**What you have to do:** Nothing but the images should be left out when the entries are restated word for word.

**Data extract:**
============================================================
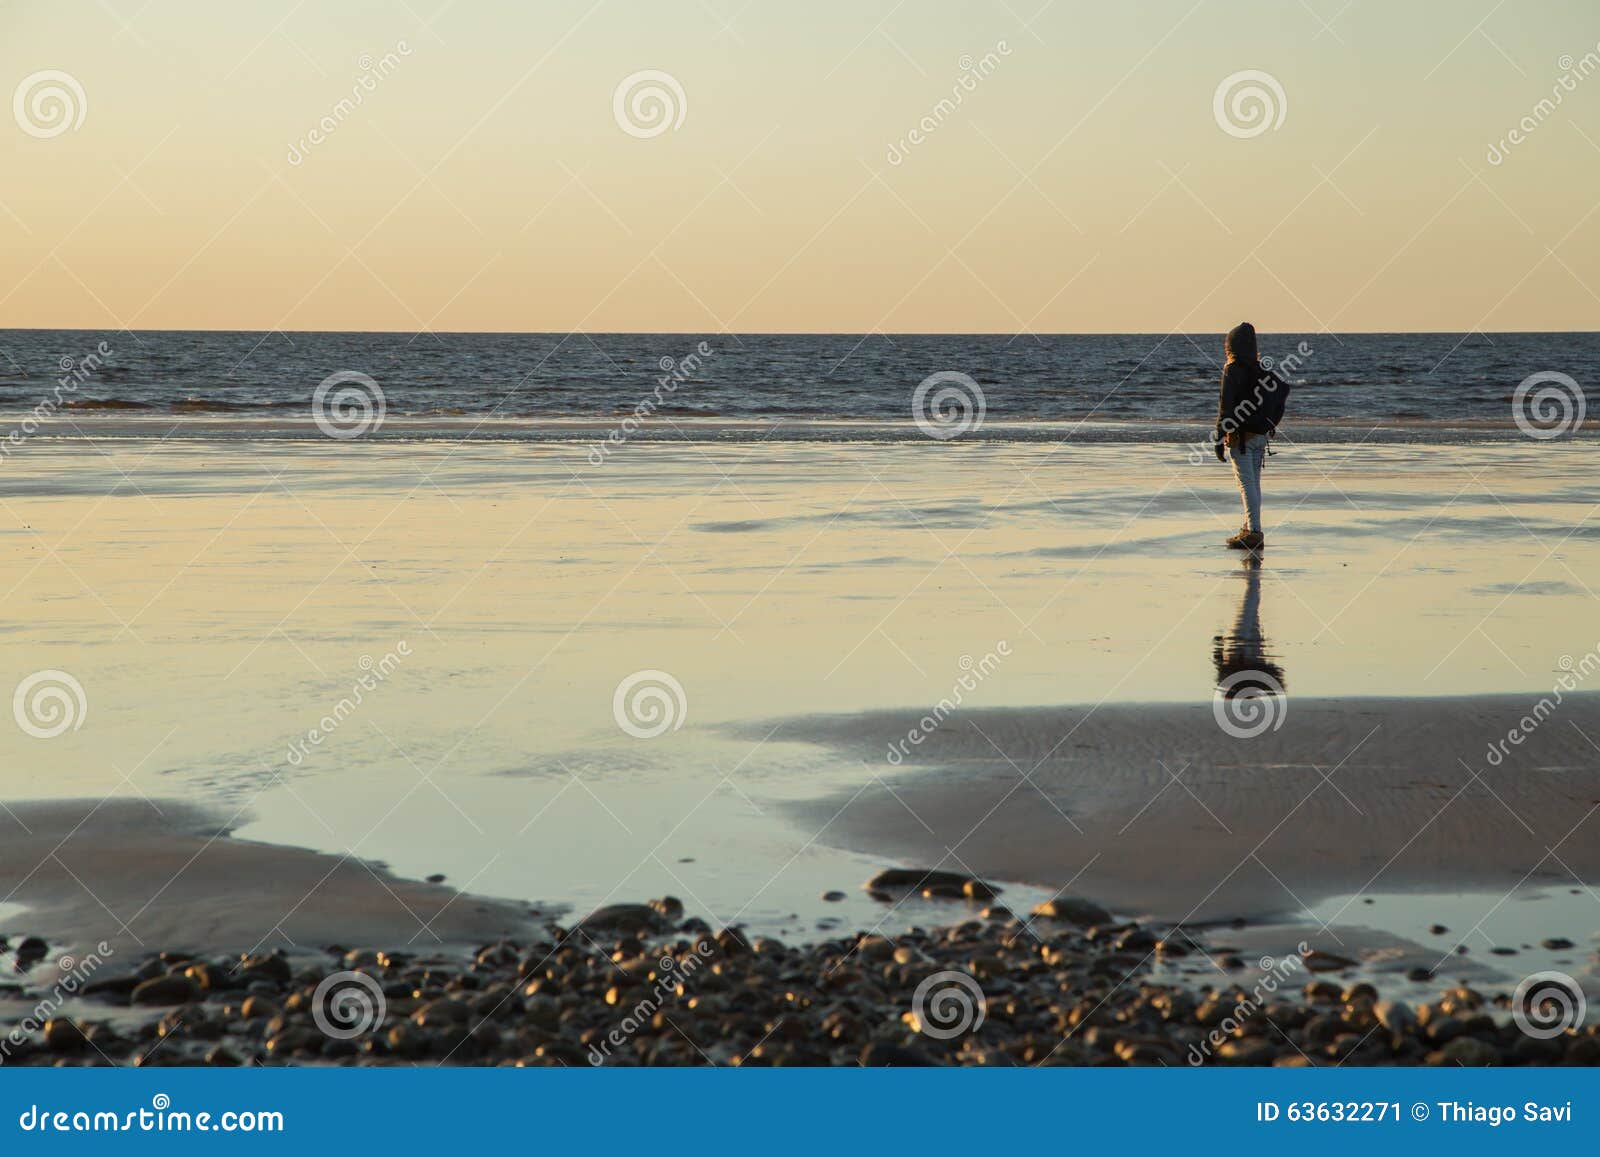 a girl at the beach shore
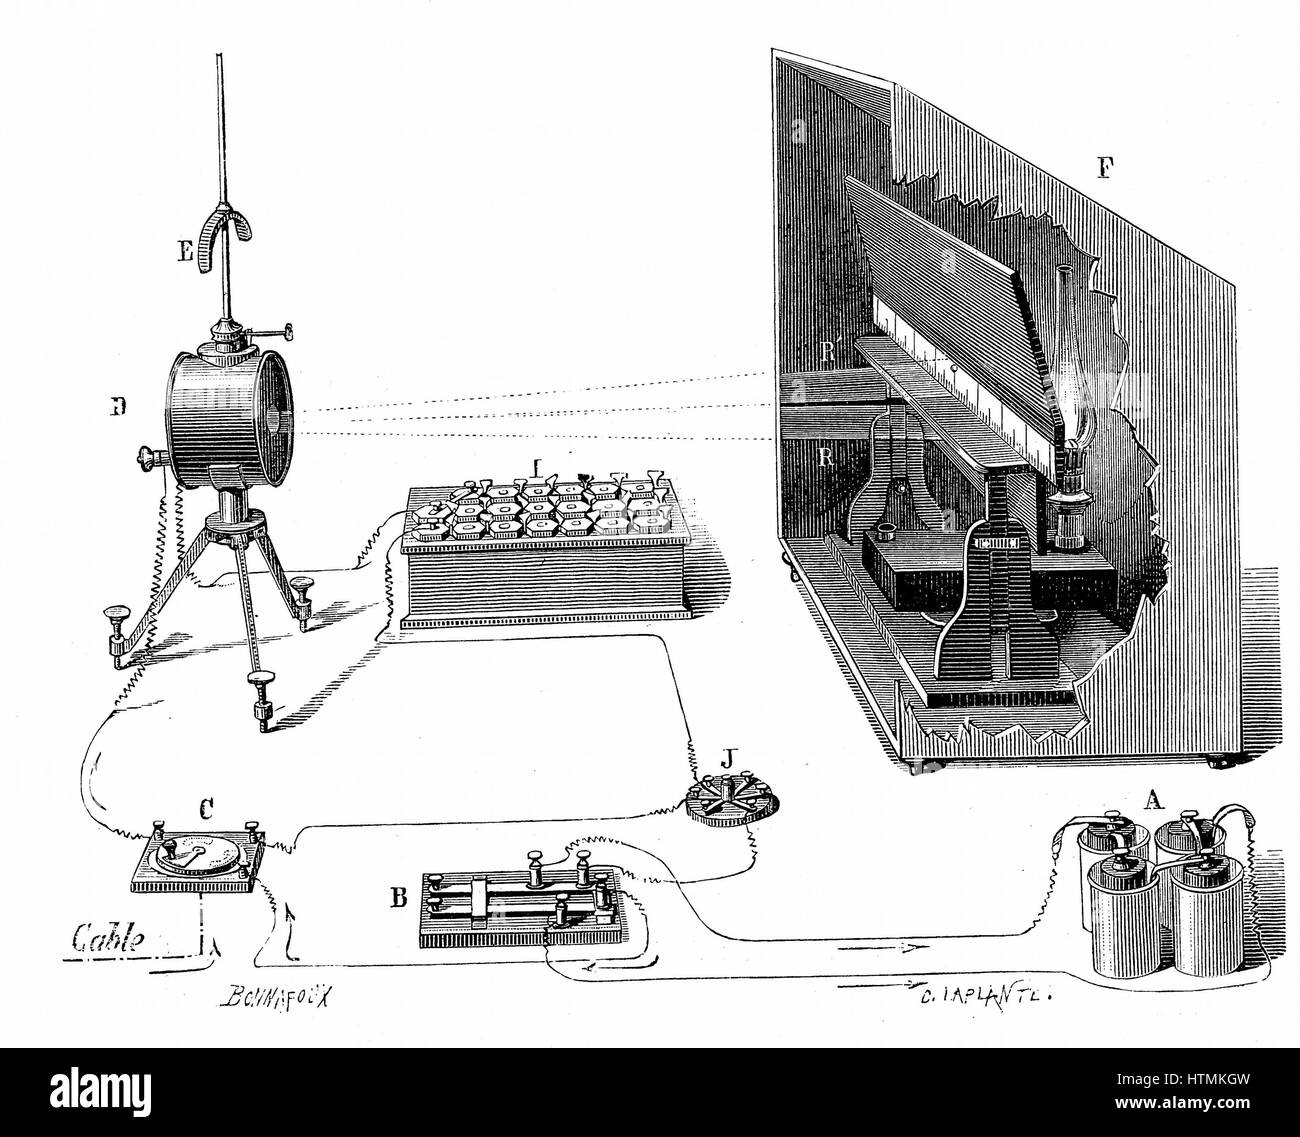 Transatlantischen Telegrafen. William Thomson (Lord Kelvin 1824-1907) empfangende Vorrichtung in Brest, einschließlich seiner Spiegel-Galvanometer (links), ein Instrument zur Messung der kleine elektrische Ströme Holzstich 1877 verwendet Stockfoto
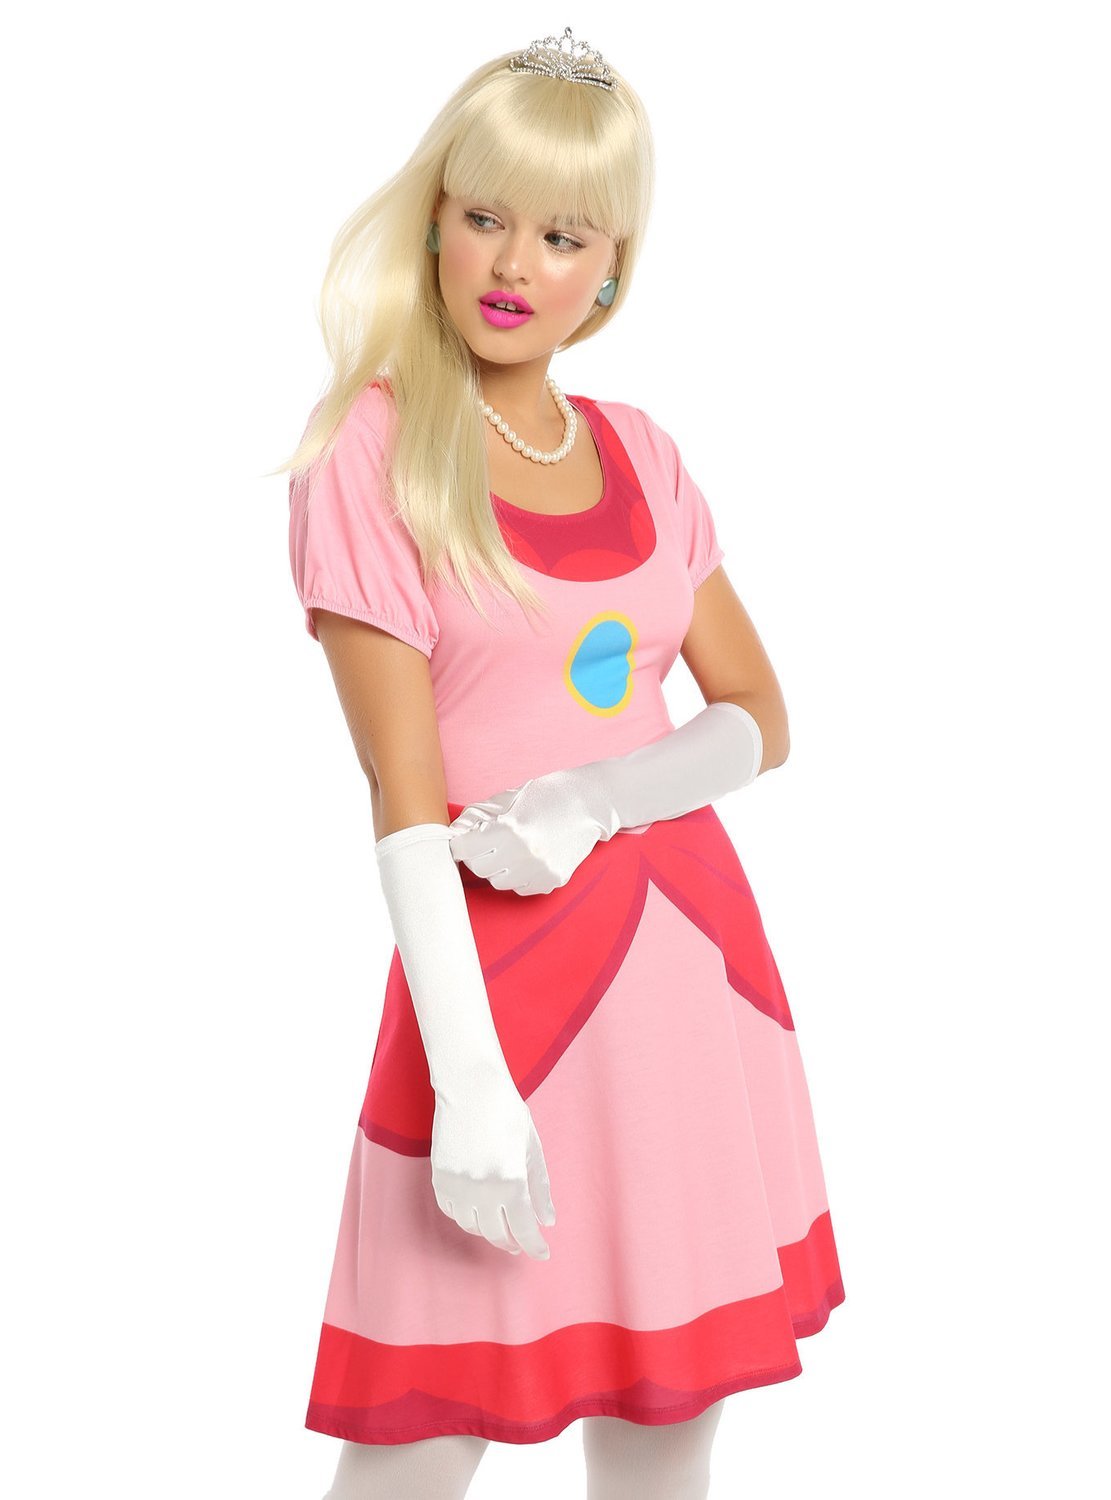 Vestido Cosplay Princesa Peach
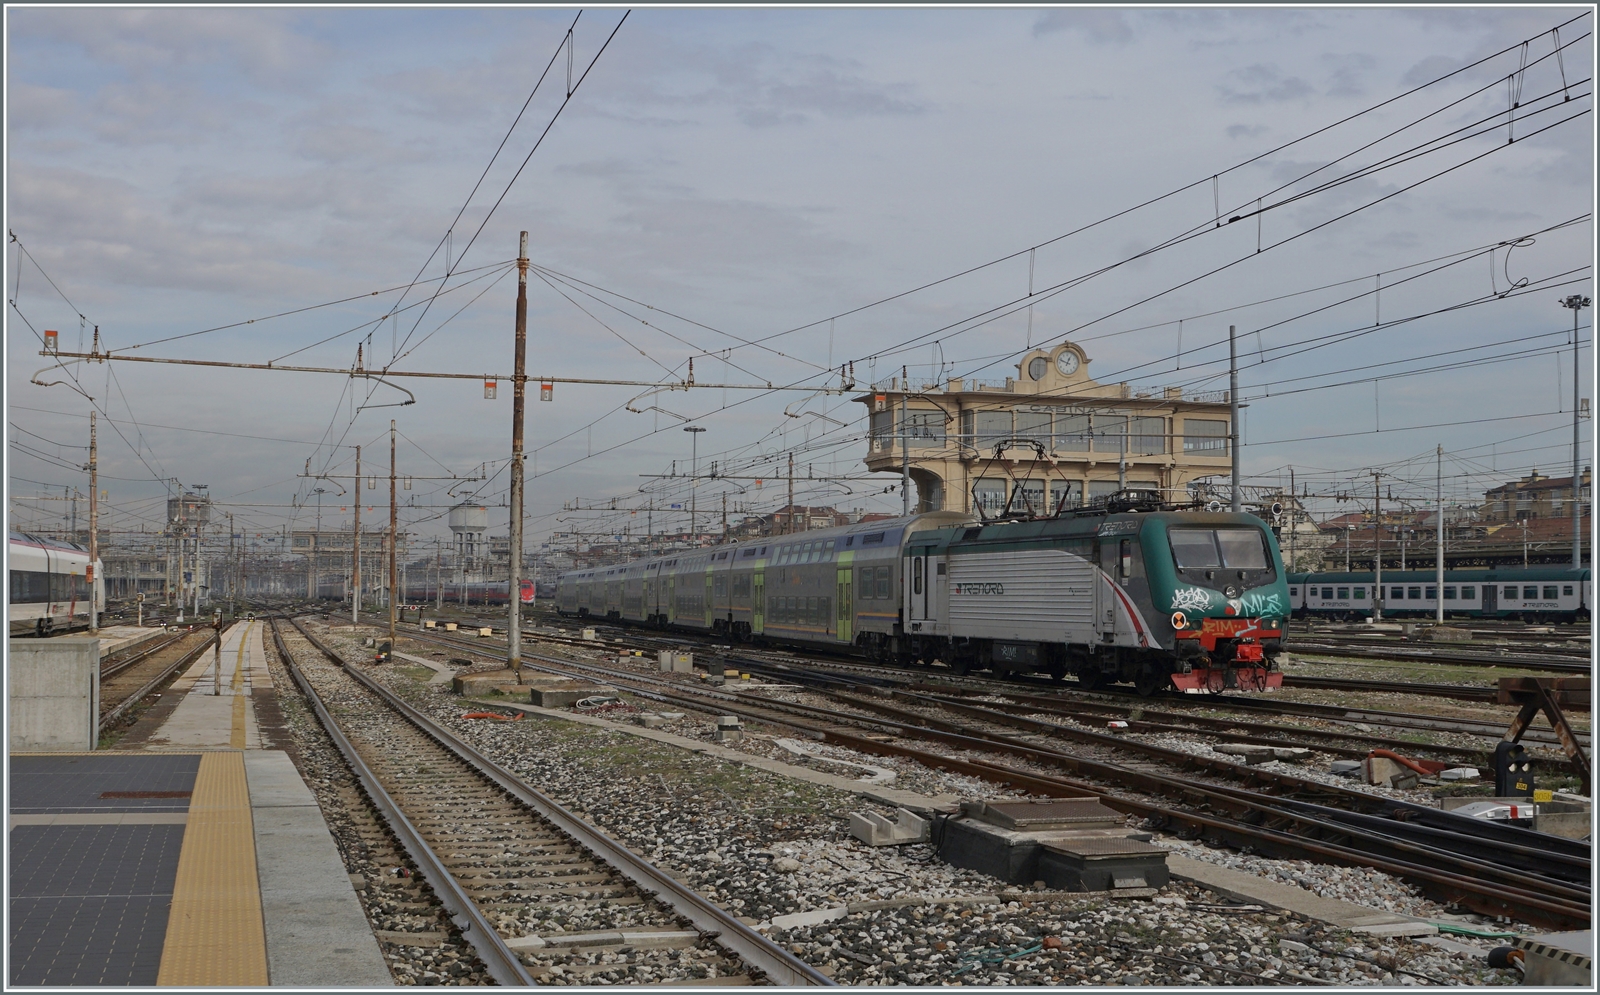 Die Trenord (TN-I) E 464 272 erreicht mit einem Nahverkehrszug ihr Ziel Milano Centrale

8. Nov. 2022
============================================================
**Answer space:**
 a girl at the beach shore
 Transatlantischen Telegrafen. William Thomson (Lord Kelvin 1824-1907) empfangende Vorrichtung in Brest, einschließlich seiner Spiegel-Galvanometer (links), ein Instrument zur Messung der kleine elektrische Ströme Holzstich 1877 verwendet Stockfoto
 Vestido Cosplay Princesa Peach
 Die Trenord (TN-I) E 464 272 erreicht mit einem Nahverkehrszug ihr Ziel Milano Centrale

8. Nov. 2022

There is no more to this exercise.